For instance, if we looked up "warfarin", we would get index 115409:

In [None]:
chebi_lookup.get("warfarin")

Let's check that that record is what we expect:

In [None]:
chebi[115409]

But if we search for something that didn't exist, we would get None:

In [None]:
print(chebi_lookup.get("a fictional drug"))

Notably, this approach ignores terms which may refer to multiple things. You could keep track of aliases that have multiple mappings, but for simplicity we won't here.

### 📋 Task 3: Apply entity linkers

The final task for this session is to apply the two different entity linking approaches to sentences that contain chemicals and diseases to see which appear the most. We've made a small dataset that can be loaded from `data/entity_linking_sentences.json` as below.

For the disease, use the SapBERT approach and pick the highest scoring disease from the Disease Ontology. For the chemical, use the lookup approach (remembering to use lower-case strings when searching).

For chemicals, you should find that the *sulfuric acid* appears 20 times. For diseases, you should find that *hypertension* appears 10 times.

*Hint: You could use the [Counter](https://docs.python.org/3/library/collections.html#collections.Counter) to help with counting frequent chemicals and diseases*

In [None]:
with open('data/entity_linking_sentences.json') as f:
  entity_linking_sentences = json.load(f)

entity_linking_sentences[:2]

In [None]:
# Your code goes here

<details>
<summary>🔑 Click to see the answer 🔑</summary>

Here is the code for the task:

```python
from collections import Counter
from tqdm.auto import tqdm

with open('data/entity_linking_sentences.json') as f:
  entity_linking_sentences = json.load(f)

chemical_counts = Counter()
disease_counts = Counter()

for sentence in tqdm(entity_linking_sentences):
  for chemical_mention in sentence['chemicals']:
    chemical_idx = chebi_lookup.get(chemical_mention.lower())
    
    if chemical_idx:
      chemical = chebi[chemical_idx]['name']
      chemical_counts[chemical] += 1

  for disease_mention in sentence['diseases']:
    disease_idx = get_closest_disease(disease_mention)
    disease = disease_ontology[disease_idx]['name']
    
    disease_counts[disease] += 1

print(chemical_counts.most_common(3))
print(disease_counts.most_common(3))
```

</details>


#### 💡 Bonus Idea

The two methods used here only use the mention text (i.e. the words describing the chemical/disease) and do not actually use the text of the whole sentence. Methods that use the full text may perform better, but are very computationally expensive. A combination of approaches may be best!

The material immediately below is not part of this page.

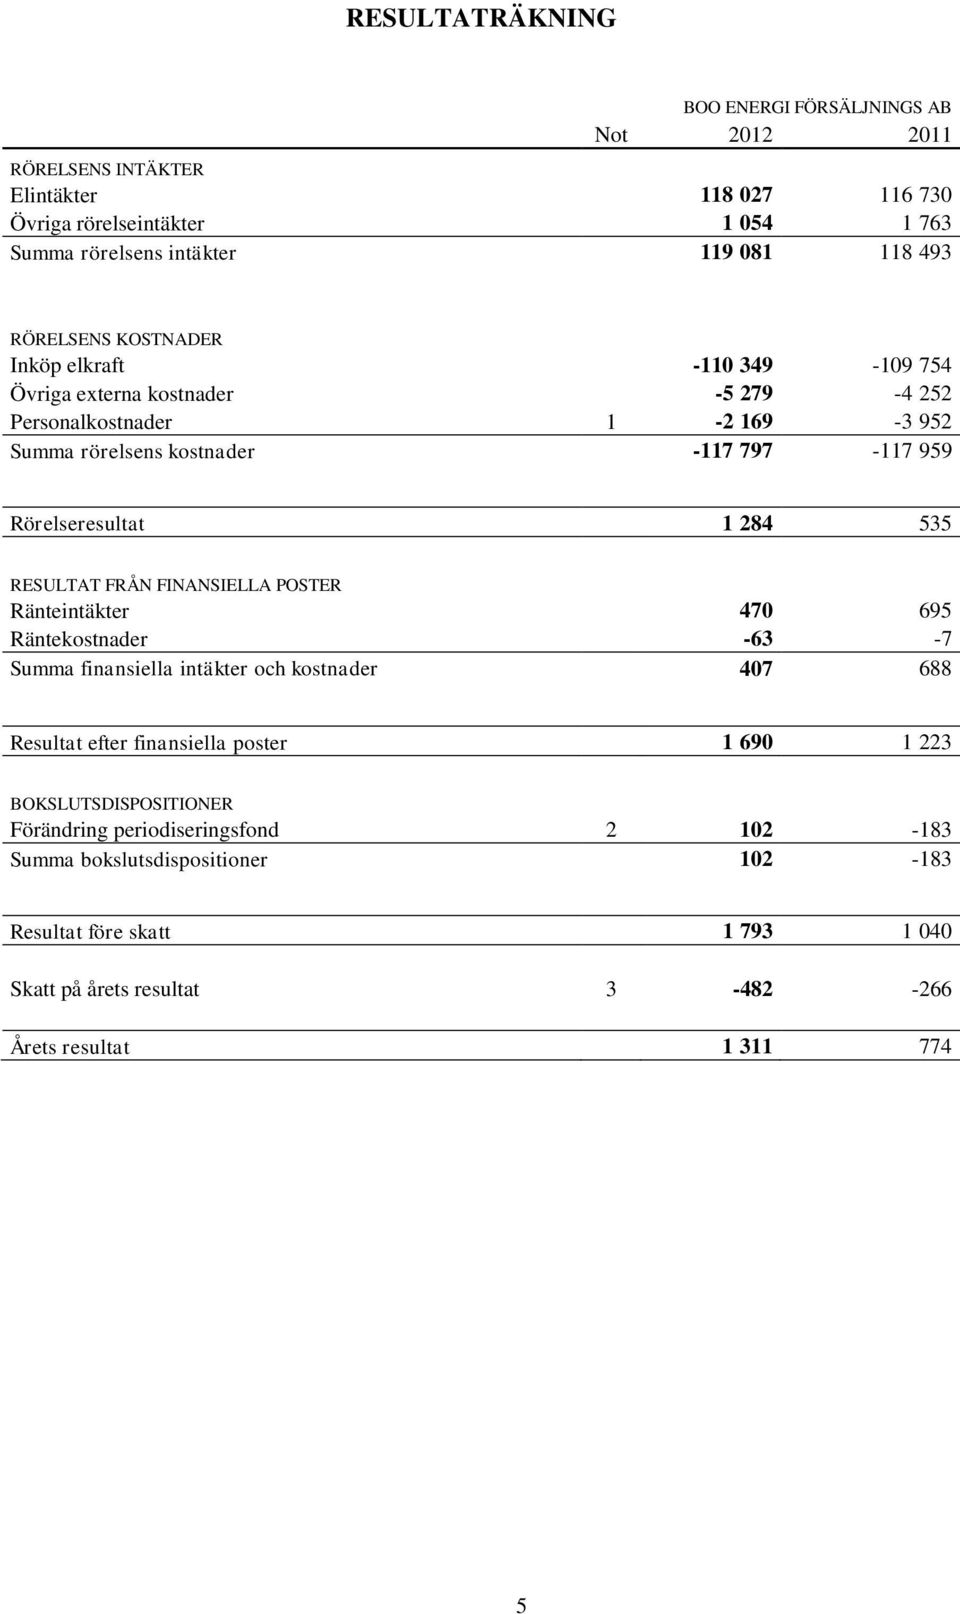 RESULTAT FRÅN FINANSIELLA POSTER Ränteintäkter 470 695 Räntekostnader -63-7 Summa finansiella intäkter och kostnader 407 688 Resultat efter finansiella poster 1 690 1 223

## 🏁 End of Hands-on Session

And that brings us to the end of the session. You've learned about:

- Named entity recognition to figure out which words refer to entities of different types
- Entity linking for deciding which entity from an ontology is being discussed
  - Vector-based approaches such as SapBERT
  - Dictionary matching using the known names and aliases of terms

## 🧰 Optional Extras

If you've got extra time, you could try some of the following ideas:

- Some names in CHEBI may map to multiple items (e.g. "erythromycin" -> ('CHEBI:42355', 'erythromycin A') and ('CHEBI:48923', 'erythromycin')). Change the code to map those cases to "AMBIGUOUS". How might you deal with those cases better?
- Use the code from the first hands-on session to get sentences from a PubMed document. Apply the NER model, and then the entity linking models. Count the number of chemicals and diseases that appear in that document.